Wang Bin (王滨), formerly chairman at China Taiping Insurance Group Ltd., has been appointed chairman at China Life Insurance (Group) Co. He’s been replaced as chairman at Taiping by Luo Xi (罗熹), previously China Resources (Holdings) Co. Ltd.’s vice chairman and CEO.


(From left) Wang Bin and Luo Xi

Shandong, Sichuan get new vice governors

Provincial vices: Two of China’s “big-four” state-owned commercial banks are losing their vice presidents to local governments.


(From left) Liu Qiang and Li Yunze

Liu Qiang (刘强), currently a vice president at Bank of China Ltd., will become a vice governor of Shandong, a wealthy province on China’s east coast.

Liu will be responsible for the financial sector, so one of his tasks will be to deal with Shandong-based Hengfeng Bank Co. Ltd., one of the country’s 12 national joint-stock commercial banks, whose former chair is currently under investigation for embezzlement.

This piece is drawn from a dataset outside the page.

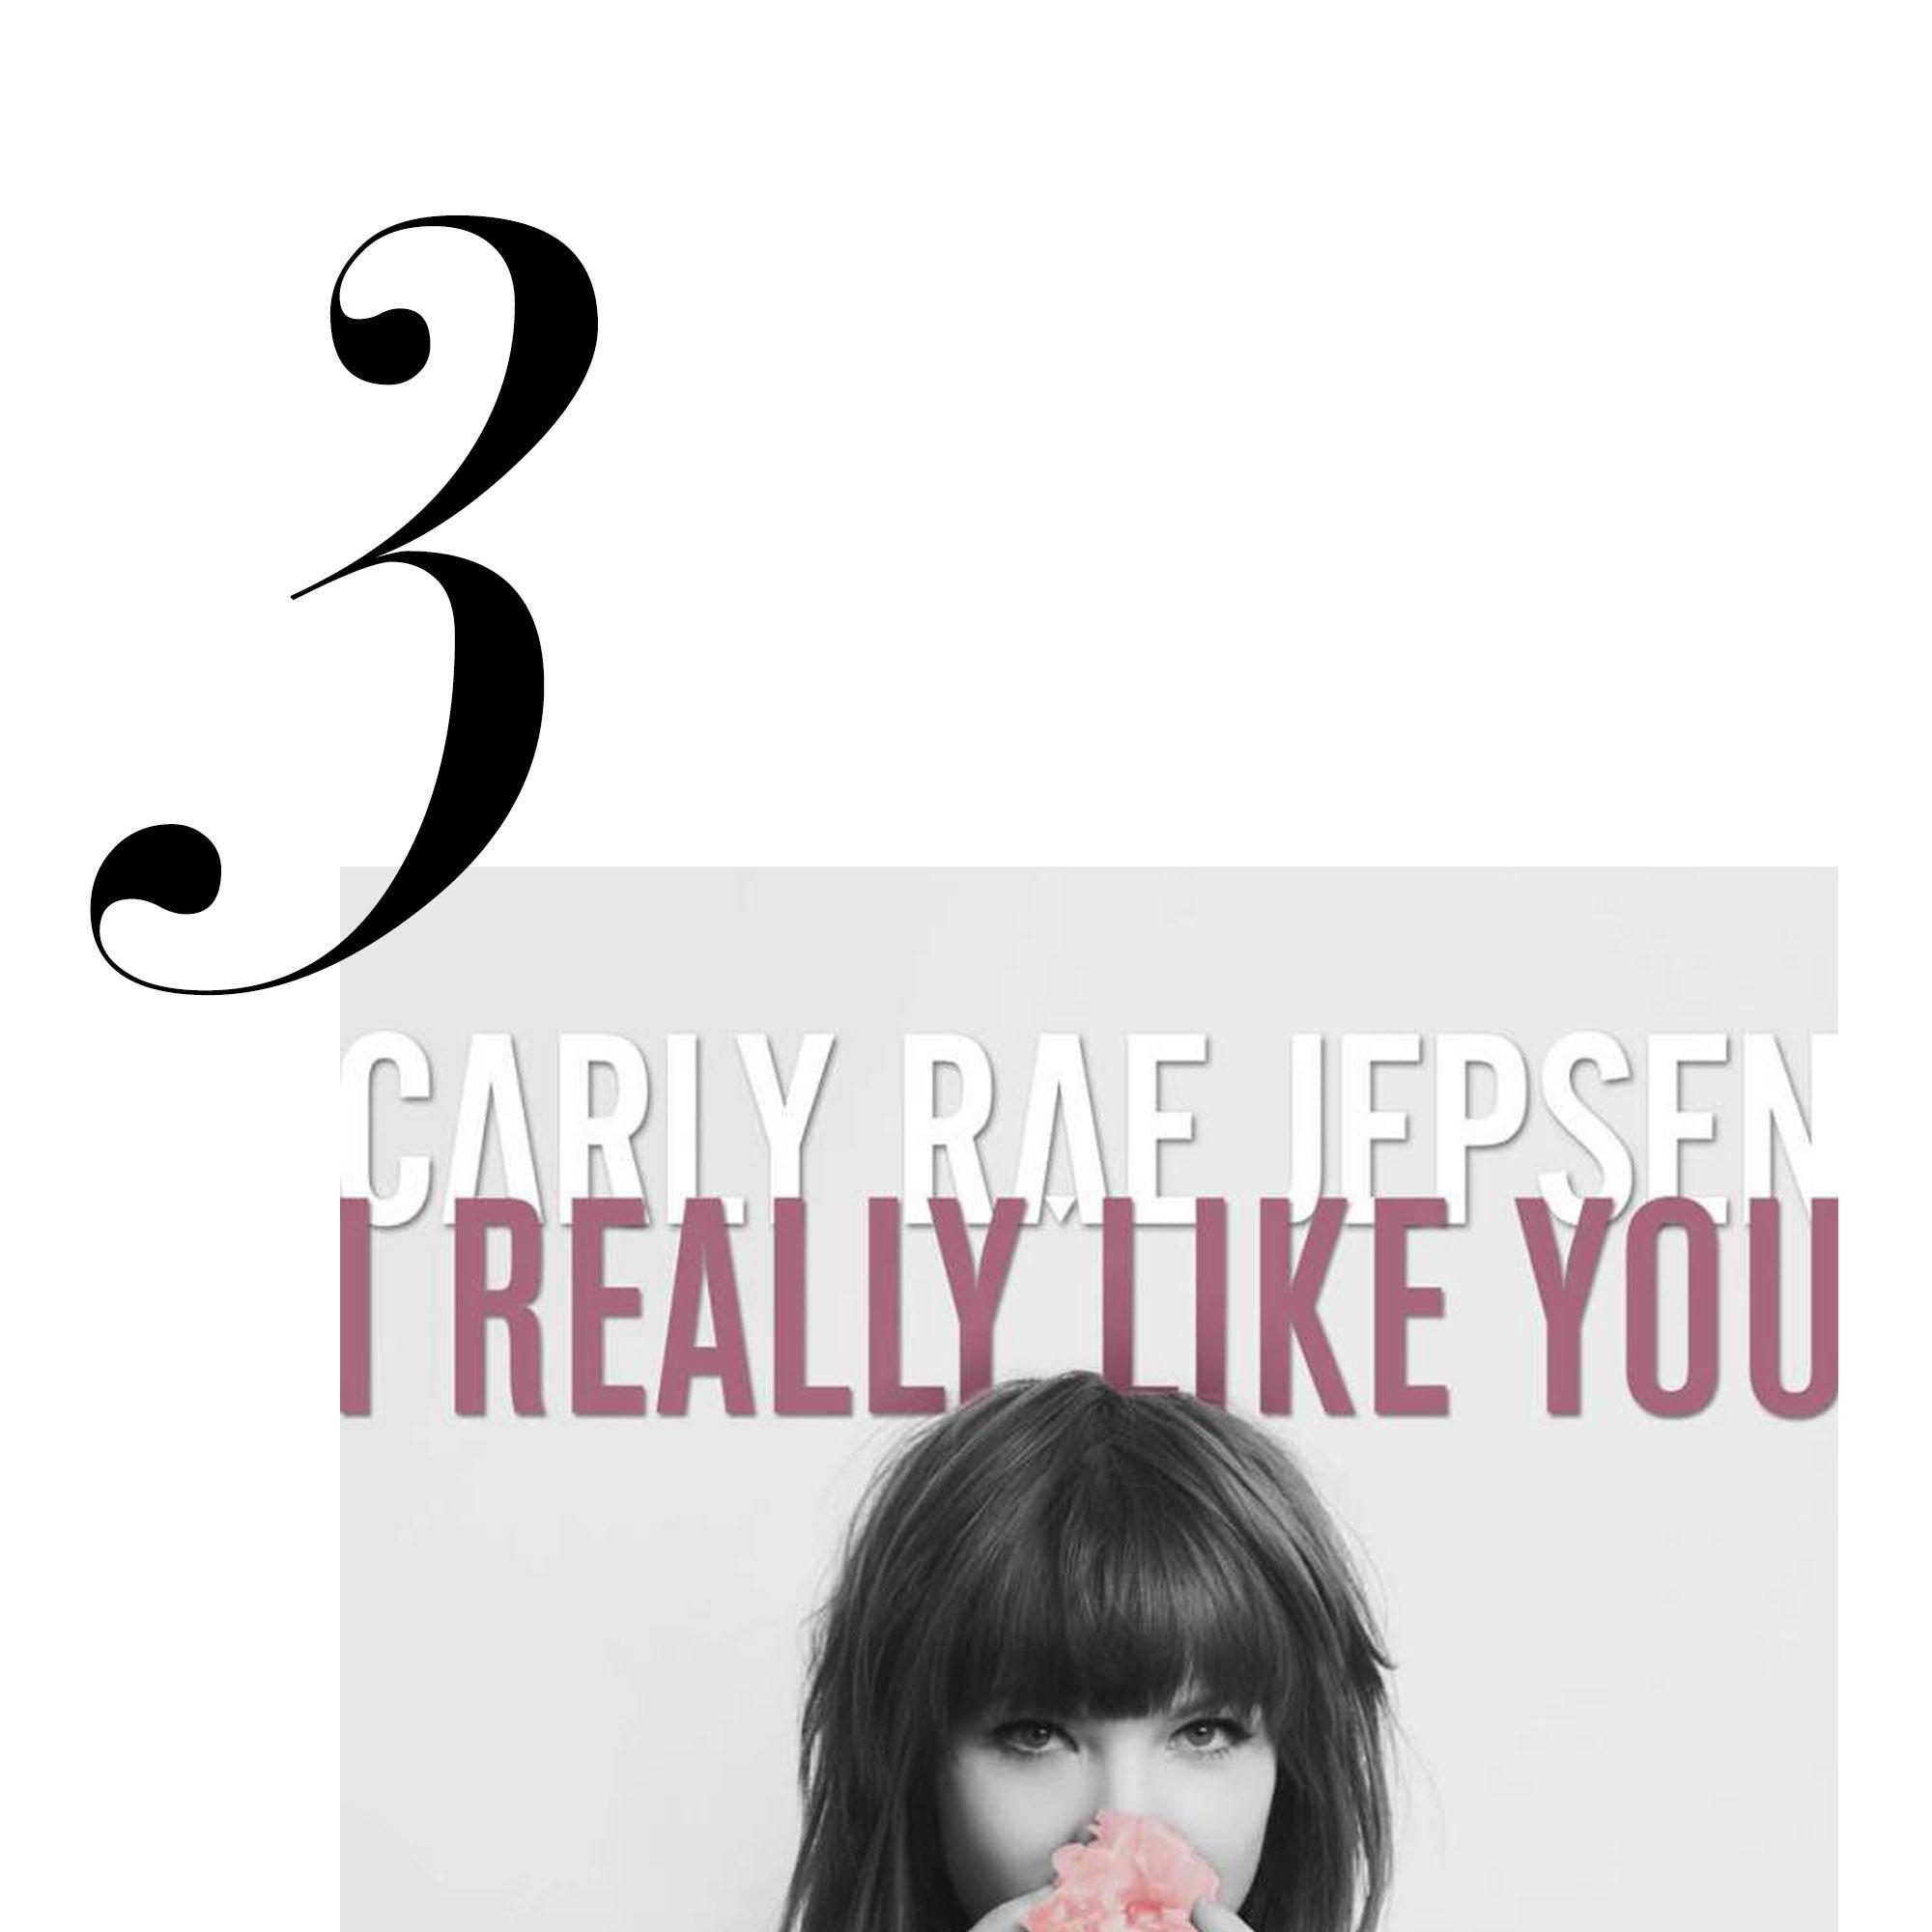 """I Really Like You""<a href=""http://open.spotify.com/track/3O09PoBmmhotSUxLZfcRP0"">Listen here</a>.&nbsp&#x3B;"

Li Yunze (李云泽), who’s resigned as a vice president at Industrial and Commercial Bank of China Ltd., China’s biggest commercial lender by assets, will become a vice governor of Sichuan province in southwestern China.


The Microchip Man

Zhao Guowei (赵国伟), who is behind much of China’s rush to acquire foreign microchip manufacturers, will become the biggest shareholder of Tsinghua Unigroup Ltd. after a company owned by Tsinghua University, Tsinghua Holdings Co. Ltd., sells part of its stake.


Zhao Guowei. Photo: VCG

Why we care: Unigroup is a key component of China’s attempts to build up its microchip sector. The company hit the news back in 2015 with a failed attempt to acquire U.S. chipmaker Micron, which was blocked on national security grounds. It’s in the process of acquiring French smart-card components maker Linxens, according to Reuters reports.

Details: Tsinghua Holdings will transfer most of its stake to two local state-owned companies, making privately held Beijing Jiankun Investment Group Unigroup’s largest shareholder with its 49% stake. In turn, Zhao owns 70% of Jiankun. He’s already the chair of Unigroup however, so we don’t expect a big change in direction.

Zhao’s a driven man: Since joining Unigroup in 2013, Zhao has spent nearly 100 billion yuan ($14.6 billion) on investments in some 20 companies. Zhao has said he plans to spend $100 billion over the next decade on chip-making facilities.

Bigger picture: China’s attempts to acquire foreign technology have fueled trade tensions with the U.S. Strategic industries like microchips are also central to Made in China 2025, the industrial strategy causing the U.S. government so much concern.